The vividness of detail in The Moor's Last Sigh is beyond question. Page after page throws up marvellously eccentric, unforgettable characters and situations. Rushdie's virtuosity with language enhances the impression of breathless speed as he pulls rabbit after rabbit out of his hat; Aurora, the renowned painter; Miss Nadia Wadia, the famous beauty queen; Aires da Gama who likes nothing better than to crawl into his wife's clothes, even on his wedding day; "Mainduck" Fielding , the cartoonist turned political thug; and Vasco Miranda, the painter of the airport murals who becomes Morae's sadistic captor in the novel's last, luridly coloured section.
Particularly with the wonderful Indian English he invents for his characters, Rushdie breathes life into what are often no more than caricatures. Here, for instance, is Vasco Miranda, beside himself with frenzy when teased by the cruel Aurora, the greater artist who scorns his clumsy attempts to seduce her:
"Useless, fucking art-johnny clever-dicks," he leered, leaning sideways at a dangerous angle.
"Circular sexualist India my foot. No. Bleddy tongue-twister came out wrong, Secular-socialist. That's it. Bleddy bunk. Panditji sold you that stuff like a cheap watch salesman and you all bought one and now you wonder why it doesn't work. Bleddy Congress Party full of bleddy Rolex salesmen..."
Yet Vasco, as so much else in this extravagant, prodigal book, is no more than a caricature: sharply etched, vivid but two-dimensional.
After a while I began to grow weary of Rushdie's tireless invention and brilliance. Of course I would be the first to admit that the finer details of much of his invective escaped me, just as they must escape anyone not thoroughly familiar with the arcane political and social disputes of contemporary India. No doubt those who recognise the Bombay politician Bal Thackeray in "Mainduck" Fielding will catch the full frisson of Fielding's gory death at Morae's hand. For the majority of Rushdie's readers, though, Fielding must remain just another grotesque in a scintillating but enervating gallery of grotesques.
Such qualities have always distinguished Rushdie's writing. Yet in The Moor's Last Sigh they seem to me more pronounced and often more worrying than elsewhere.

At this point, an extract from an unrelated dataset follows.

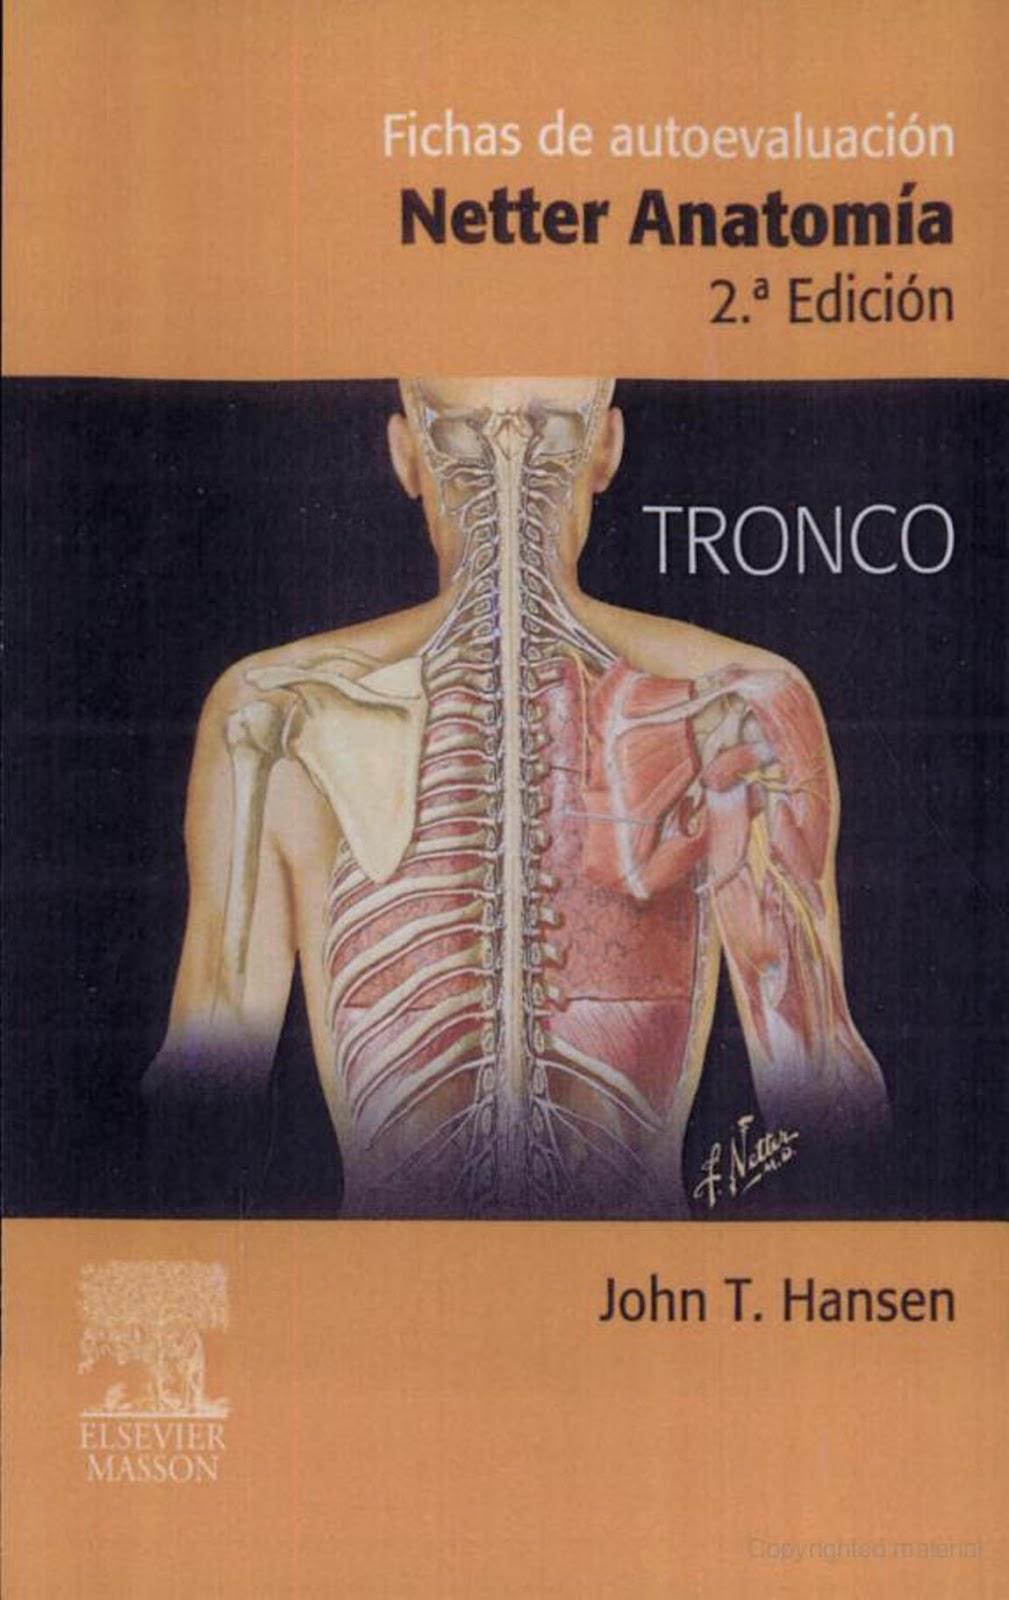 Netter: Anatomía. Fichas de Autoevaluación. Tronco, 2da. Edición ...

There is something heartless in the succession of betrayals, murders, assassinations and outrages paraded here with cheerful cynicism from beginning to end. Rushdie's fondness for often childish pubs (a Bombay financial institution called Coshondeliveri; the nicknames of Moraes and his three sisters Ina, Minnie, Mynah , Moor) are indicative, it seems to me, of a curious cast of mind, of a personality so intent, perhaps, on not giving in, or enduring in the face of appalling tribulations, that everything is concentrated into a narrow band of brilliance and virtuosity, from which emotional resonances have been rigorously excluded.
In the final section of The Moor's Last Sigh, Moraes is imprisoned in a tower by the insane, senile Vasco Miranda, who suddenly appears, wearing Moorish fancy dress, "... in his baggy pantaloons and embroidered waistcoat worn open over a ballooning collarless "shirt" to mock his captive and to subject him to taunting indignities. Is this an image of the Islamic world's fury against the author of The Satanic Verses?
In the light of Rushdie's recent predicament it is impossible not to catch that implication, no matter what Rushdie himself might have wanted to convey. Similarly, you cannot read The Moor's Last Sigh divorced from the context, without an awareness of the courage and determination that prompted Rushdie to persist, continue writing and to create this glittering world. By the same token, though, it would be less than honest not to admit that the fatwa seems to have taken its toll, driving this wonderful writer into what is at times close to a parody of a novel by Salman Rushdie.